As the Q10 ­­values indicate in Figure 2, temperature changes of +10°C in lower temperatures produce more effects on daphnia’s heartrate as changes of the same degree in higher temperatures. Likewise, the rate of decline in Q10 values becomes less significant as temperatures rise, as shown by the trend in Figure 2. Finally, the class data indicates that statistically significant differences exist between the means of the data gathered at each temperature, save for the means collected between 20°C and 25°C.

Discussion

            As ectotherms, the internal body temperature of Daphnia magna are extremely susceptible to temperature changes in their environment. As freshwater animals, they are affected by changes in the temperature of the surrounding water. When the temperature increases, oxygen levels decrease, leading the Daphnia to pump blood more quickly so it can take in more oxygen efficiently, leading to a higher heartrate and body temperature (Khan 2008). Further, as the heartrate increases, so do the animal’s metabolic levels, as chemical reactions happen at an increased rate as more kinetic energy is generated. Heartrate consequently rises to meet the heightened demand for oxygen in the cells (Dennis 1999). The dramatic increase in heart rate by a factor of 2-3 during the initial +10°C increase in temperature is likely caused by the rapid decrease of oxygen in the water as a result of heating up. In response, the daphnia tries to offset the dearth in oxygen by increasing its heartrate to pump its blood faster. It generates more haemoglobin so it could take up oxygen more efficiently and distribute it to its cells. The entire process could repeat and do so at a greater pace as the temperature rises past 35°C, which is the daphnia’s thermal threshold, and an unmaintainable heartrate is sustained. Pressure intensifies in the heart causing arteries and blood vessels to become more and more strained, leading to irregular heartbeat, which eventually slows down and ultimately stops (Kivivuori 1996).

References

Khan, Q. and Khan M., 2008. Effects of temperature on waterflea Daphnia magna (Crustacea:Cladocera). Nature Precedings,

Green, J., 1956. Growth, size and reproduction in (Crustacea: cladocera). Journal of Zoology, vol. 126, no. 2, pp. 173-204.

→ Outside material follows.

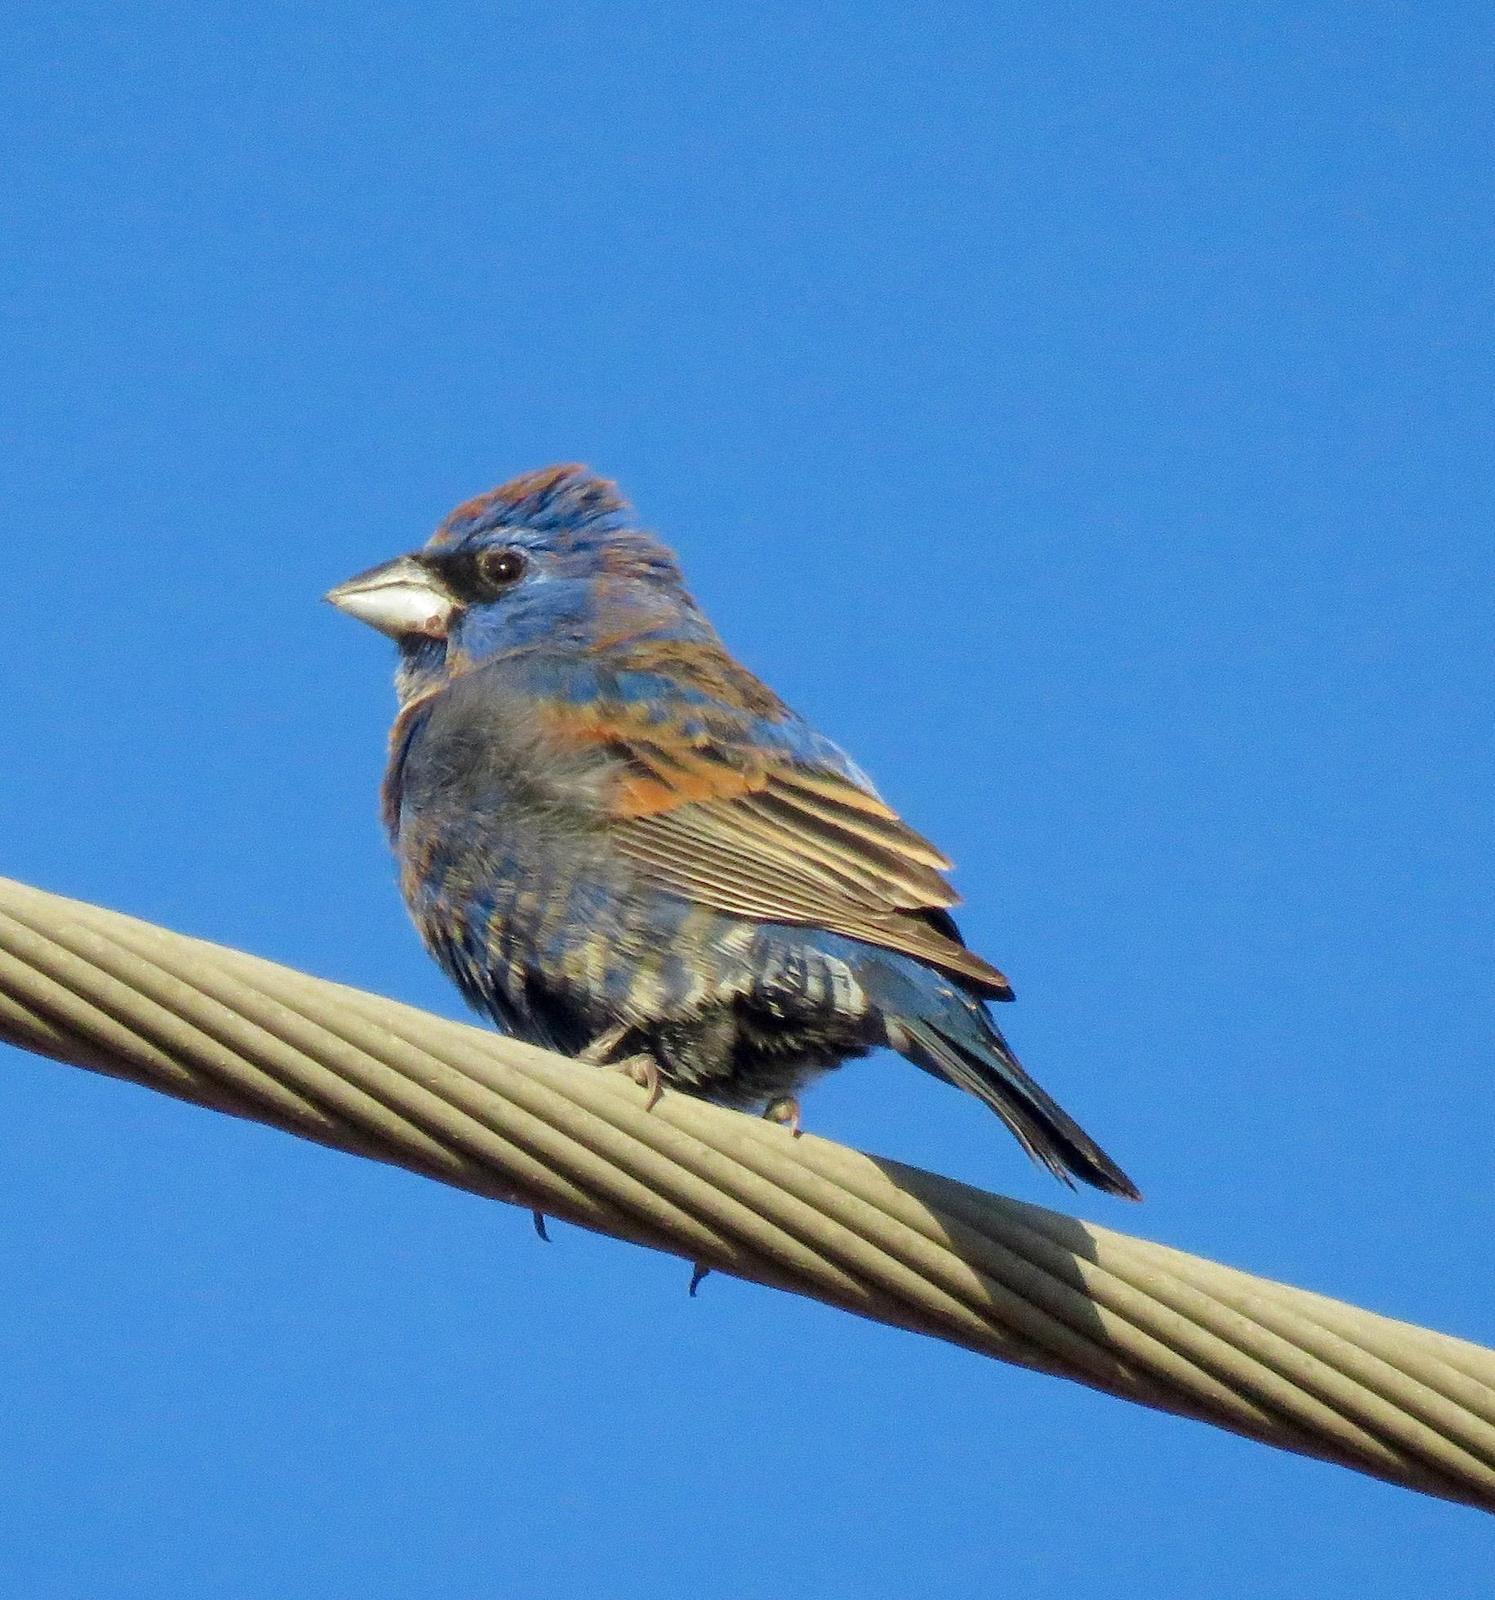 Blue Grosbeak Photo by Don Glasco

Baylor, E. R., 1942. Cardiac pharmacology of the cladoceran, daphnia. The Biological Bulletin, vol. 83, no. 2, pp. 165-172.

Van Der Have, T.M., and de Jong, G., 1996. Adult size in ectotherms: Temperature effects on growth and differentiation. Journal of Theoretical Biology, vol. 183, no. 3, pp. 329-340.

Kivivuori, E., and Lahdes, O., 1996. How to measure the thermal death of Daphnia? A comparison of different heat tests and effects of heat injury. Journal of Thermal Biology, vol. 21, no. 5-6, pp. 305-311.